Глава 1. Я – Старшая


НОВИЧОК

Так бывает.

Жизнь делает крутой поворот и начинает отчаянно мчаться по ей одной ведомой траектории. А все, что было до поворота, скрывается в тумане – уж и не разглядеть. События прежней жизни начинают таять, как тают застигнутые утренними сумерками ночные тени. Перед глазами остается только рвущаяся вперед петляющая лента шоссе и затылок водителя, едва выглядывающий из-за подголовника.

Водитель молчалив, почти неподвижен и сосредоточен, каким ему и полагается быть. Черная машина с затянутыми темным мутным бельмом окнами на пассажирских местах скребет колесами раненое шоссе, изредка испуганно вздрагивая на особо крупных его рубцах.

Дергаюсь вместе с машиной и вдруг понимаю, что по этой дороге очень давно никто не ездил. Из-под колес выныривают полупрозрачные силуэты потревоженной дорожной пыли. Застывшие в плотной паутине тумана пейзажи дышат сыростью, глотают росу, и стоят нетронутые, как забытые в кладовке музейные экспонаты. Рытвины на дороге – давние, никого не беспокоящие, не изъезженные и не запущенные, какими могли бы стать, реши кто-нибудь вытянуть из шоссе последние соки полезности. Но нет, дорога пуста, на встречной полосе – ни единой машины. Это даже слегка пугает.

Совсем слегка.

Гораздо меньше, чем место, где дорога заканчивается. Гораздо меньше, чем неизвестность, это место окутывающая. И уж точно гораздо меньше, чем навязчивые мысли, кричащие мне: «Там, куда тебя везут, тебе будет очень плохо».

Окно дразнит меня нечетким отражением, и я замечаю, как мои губы обиженно надуваются, как будто мне отчаянно хочется хныкать. Недовольный собой, кривлюсь, заставляя отражение измениться. Отражение соглашается – и поддается. Так лучше. В голове у меня куча вопросов, вьющаяся стаей надоедливых мух, но я отмахиваюсь от нее. Все равно ответы давать некому – не Затылок же, в конце концов, расщедрится на внятный рассказ. Впрочем, и без рассказа ясно, что ничего хорошего можно не ждать. Интернат в богом забытой глуши, откуда некуда бежать, даже если выскользнуть из-под надзора воспитателей. Уж и не вспомнить, какой он у меня по счету – и интернат, и побег. Пытаюсь и впрямь подсчитать, но цифры застывают в голове, будто замороженные усыпляющим дыханием висящего за окном тумана.

Плевать.

Какой бы это ни был интернат, все они, по сути своей, одинаковые. И новичков там не любят, а я – самый что ни на есть новичок.

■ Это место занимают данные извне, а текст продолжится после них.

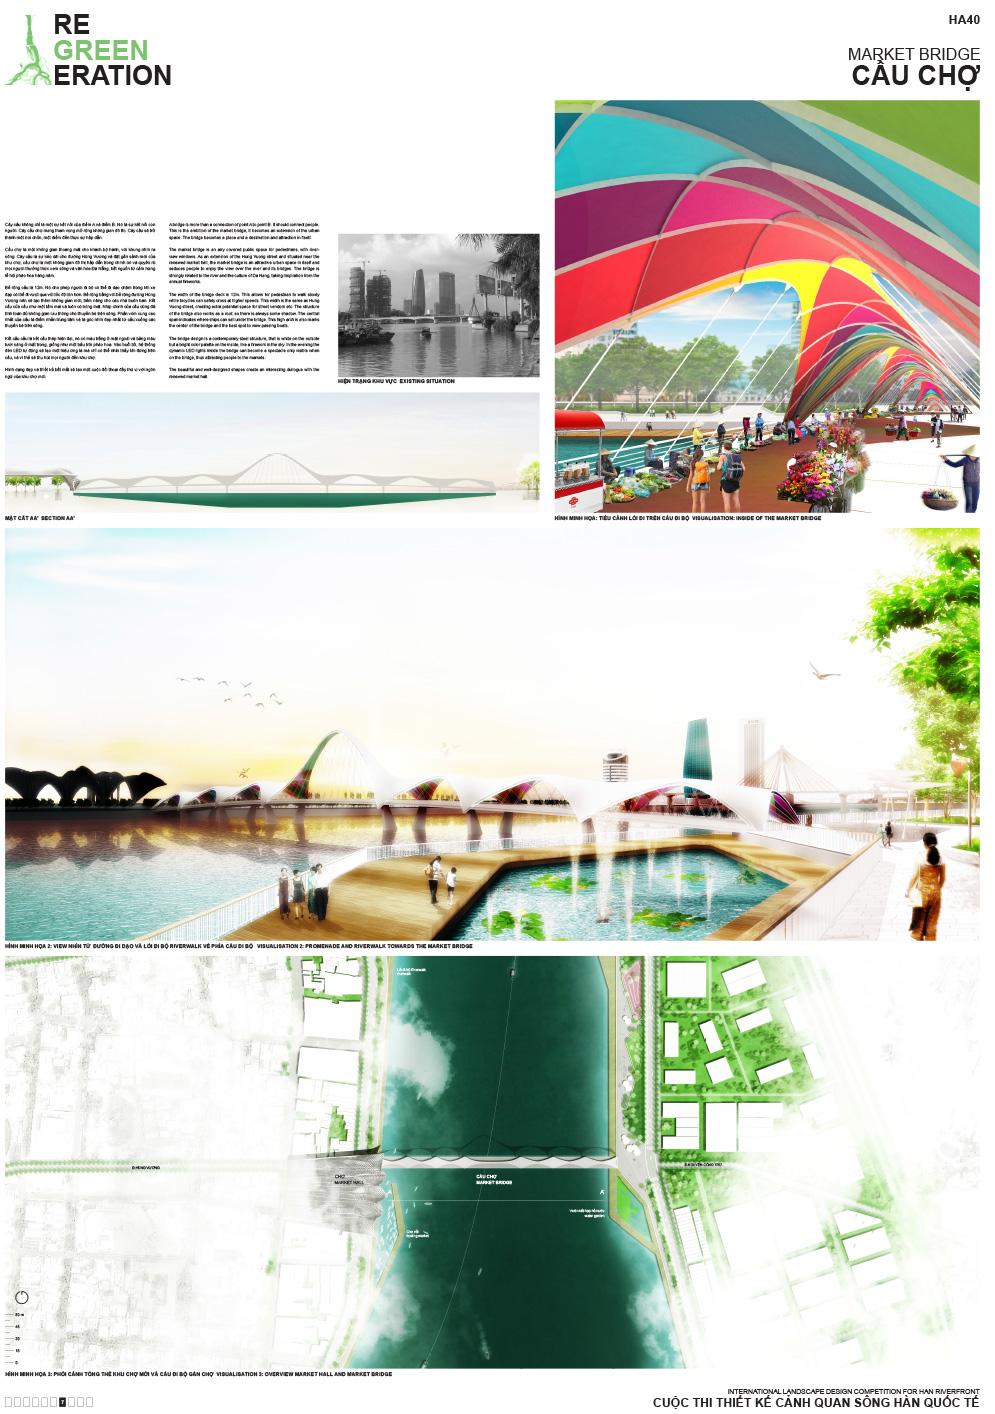 ha40_pdf_003_panels_a0_-7

Под гнетом чугунных мыслей все больше сникаю, тайком жалея себя и вжимаясь в сиденье. Тем временем лента шоссе успевает смениться грубой грунтовой насыпью, а по обе стороны от машины вырастает густой смешанный лес. Колеса с жующим хрустом начинают ерзать по неровностям. Машина крадется медленно, будто правящий ею Затылок раздумывает, не сменить ли ему курс в последний момент.

На одной из кочек я подскакиваю слишком высоко и от страха удариться головой о потолок громко охаю, тут же прикрывая рот рукой, устыдившись секундного беспричинного испуга. Пальцами чувствую закоченевший кончик носа и впрямь замечаю, как похолодало. И когда только успело?

Делаю выдох, и изо рта вырывается облачко пара. Я удивленно пялюсь в пространство, где только что растворился мой выдох, и уверяю себя, что мне это почудилось. Стало, конечно, холодно, но не настолько же! Однако похолодевшие руки я невольно потираю, чтобы согреть, и растерянно озираюсь по сторонам, почти готовый поверить, что машина везет меня прямиком в зиму.

Однако зимой вокруг не пахнет. Густой лес шелестит зеленой листвой и трещит ветками. Он вовсе не выглядит таким холодным, каким я его представляю.

– Здесь болото вокруг. Вот и холодно, – долетает до меня с водительского места. Затылок при этом все так же неподвижен, и оттого кажется, будто голос доносится не из горла человека, а отовсюду разом. Я ежусь, мне становится не по себе, даже почти жутко. Поэтому вместо того, чтобы поддержать беседу, таращусь Затылку в затылок и молю про себя:

Пошевелись…

Миг… другой… проходит целая вечность, прежде чем затылок все-таки шевелится: голова водителя немного наклоняется вправо. Звучащий отовсюду голос при этом добавляет:

– Сыро.

Если от этого мне должно было потеплеть или полегчать, способ не срабатывает.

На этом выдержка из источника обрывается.